Were drumsticks called nutty buddies? ›

Nutty Buddies and Drumsticks are similar but not the same thing. Nutty Buddies are cone-shaped wafers filled with vanilla ice cream and topped with peanut butter and chocolate, while Drumsticks are cone-shaped wafers filled with vanilla ice cream and topped with a chocolate coating and nuts.

Do Nutty Buddies have red 40? ›

Whole Wheat Flour, Sugar, Whole Grain Oat Flour, Rice Flour, Fructose, Vegetable Oil (Soybean, High Oleic Soybean and Palm), Contains 2% or Less of Nonfat Milk, Cocoa Processed with Alkali, Salt, Caramel Color, Natural and Artificial Flavor, Soy Lecithin, Red 40, Yellow 5, Blue 1, Yellow 6, BHT for Freshness.

Does Little Debbie still make Nutty Buddy bars? ›

This quintessential treat has been a shopping cart staple since 1964 and is still one of the top Little Debbie snacks going home with families everyday. How do you enjoy your Nutty Buddy snacks? Show us on social media!

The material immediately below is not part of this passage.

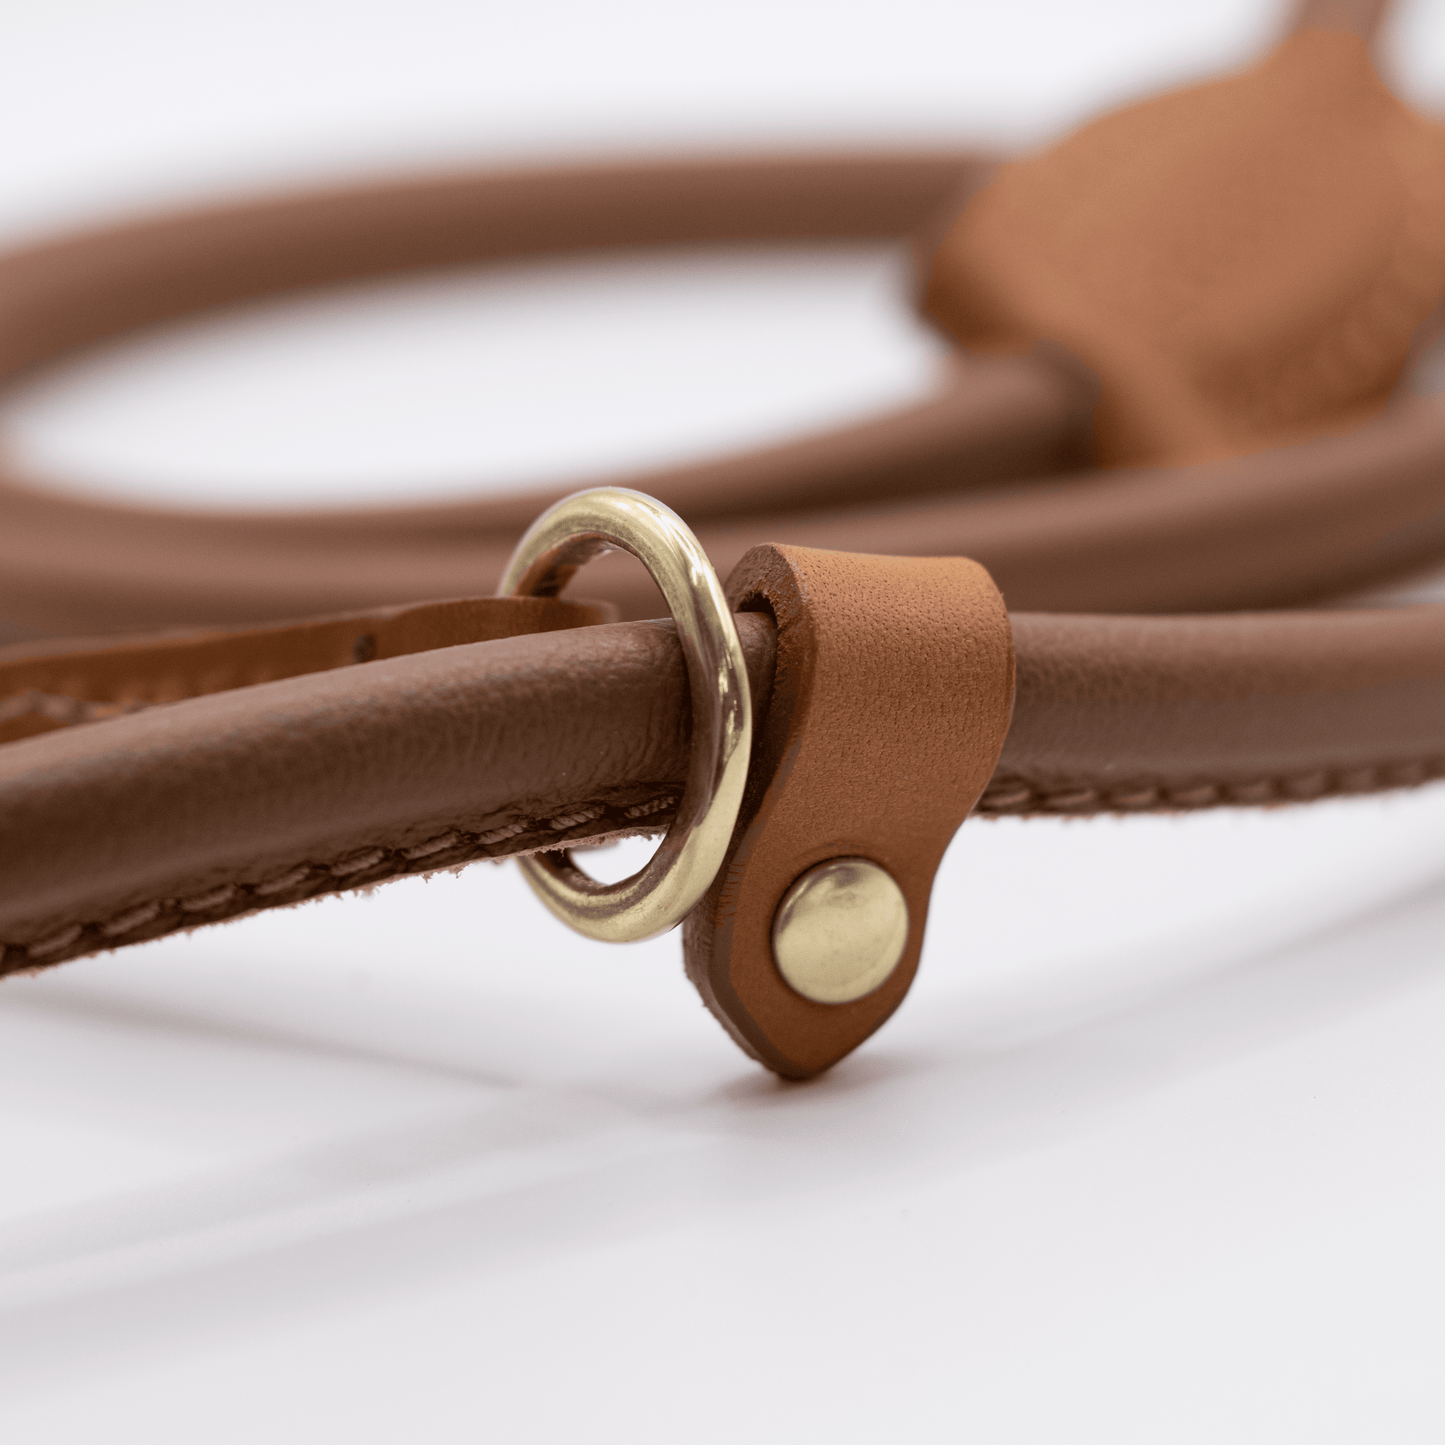 D&H Rolled Soft Leather Slip Lead Tan
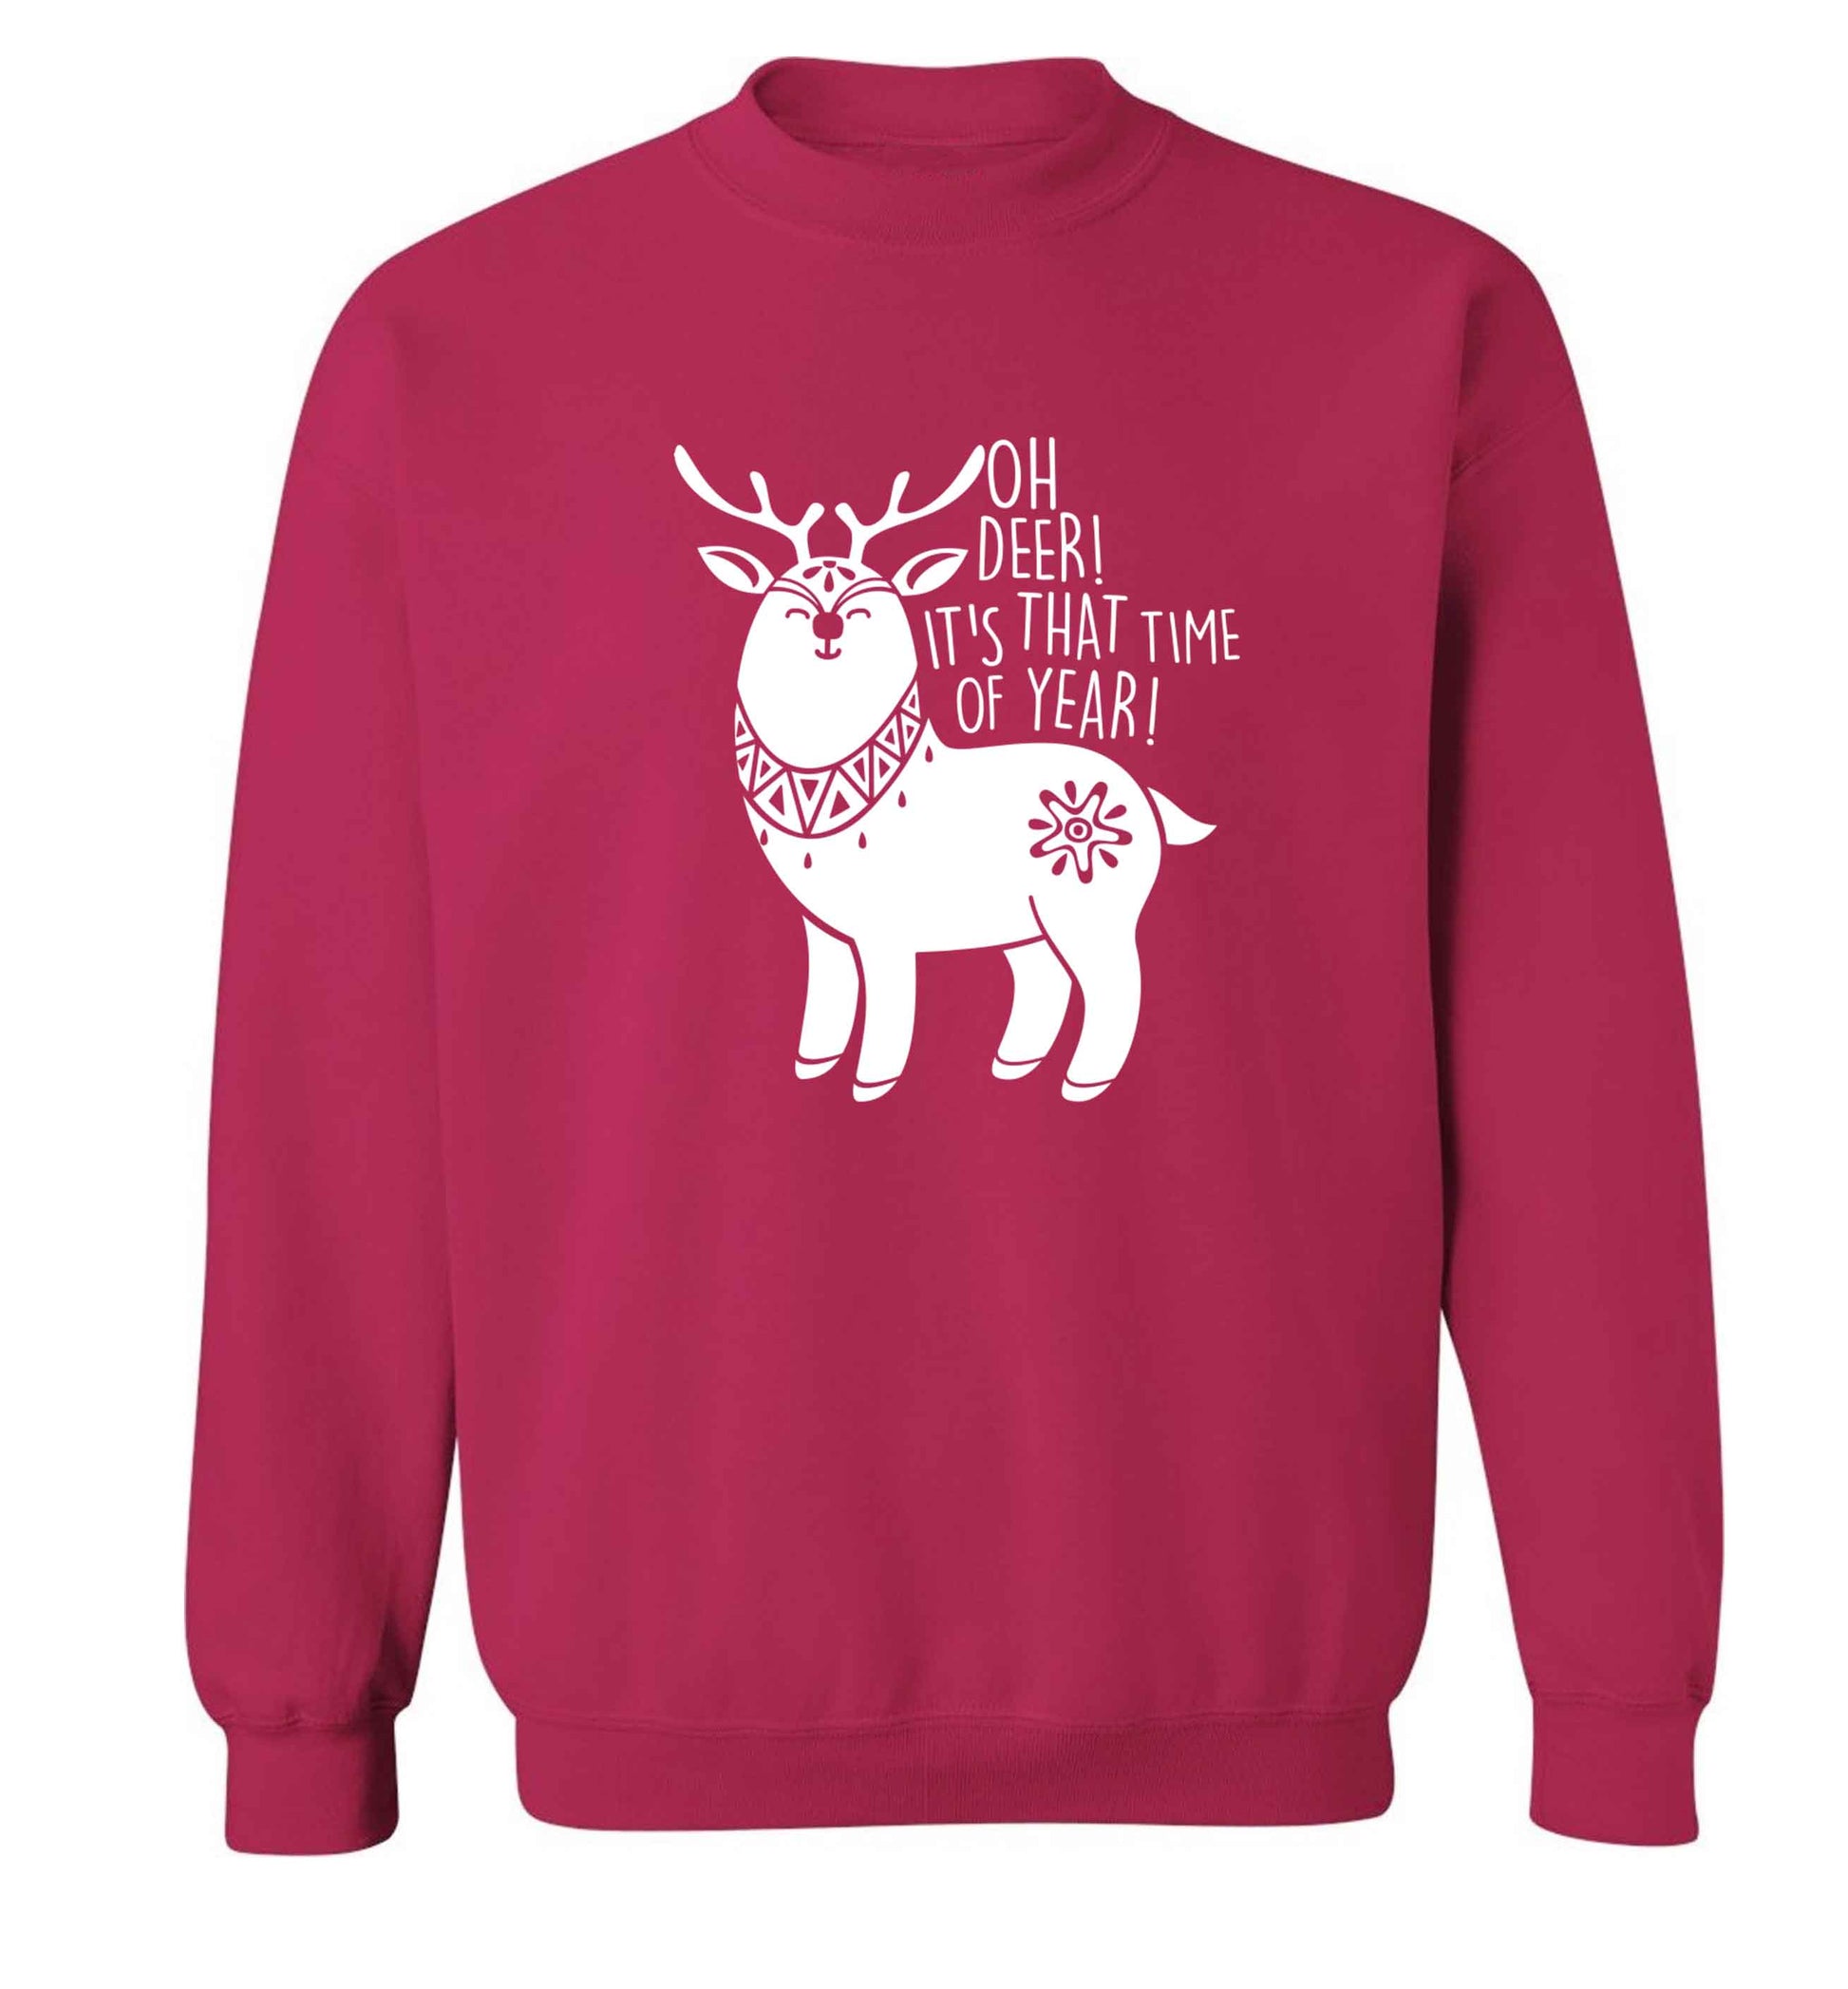 Oh dear it's that time of year Adult's unisex pink Sweater 2XL

What flavor is the Nutty Bar? ›

Peanut butter ice cream with a thick fudge ripple and milk choco coated waffle pieces.

What kind of chocolate is on Nutty Buddy? ›

Nutty Buddies are a prepackaged dessert from Little Debbie, they are a peanut butter filled wafer cookie thinly coated in milk chocolate.

Do Nutty Bars have egg? ›

Contains: allergy information: contains wheat, peanuts, soy, milk, egg. May contain tree nuts.

Do nutty buddies go bad? ›

Average Shelf Life Estimates

Zebra Cakes, Nutty Buddy, and Oatmeal Creme Pies: Typically labeled fresh for 60 days from production. When frozen: Can extend up to six months, preserving quality.

Why is it called Nutty Buddy? ›

Nutty Buddy was created by Seymour Ice Cream Company in Dorchester, Mass., and named after its owner, Buddy Seymourian. Seymour's ice cream factory was located in a three-story brick building built in the 1850s, but historians cannot agree on the company's founding date.

What is the ice cream called Nutty Buddy? ›

The Nutty Buddy is an ice cream cone topped with vanilla ice cream, chocolate, and peanuts.

What's the difference between a drumstick and a Nutty Buddy? ›

Nutty Buddies and Drumsticks are similar but not the same thing. Nutty Buddies are cone-shaped wafers filled with vanilla ice cream and topped with peanut butter and chocolate, while Drumsticks are cone-shaped wafers filled with vanilla ice cream and topped with a chocolate coating and nuts.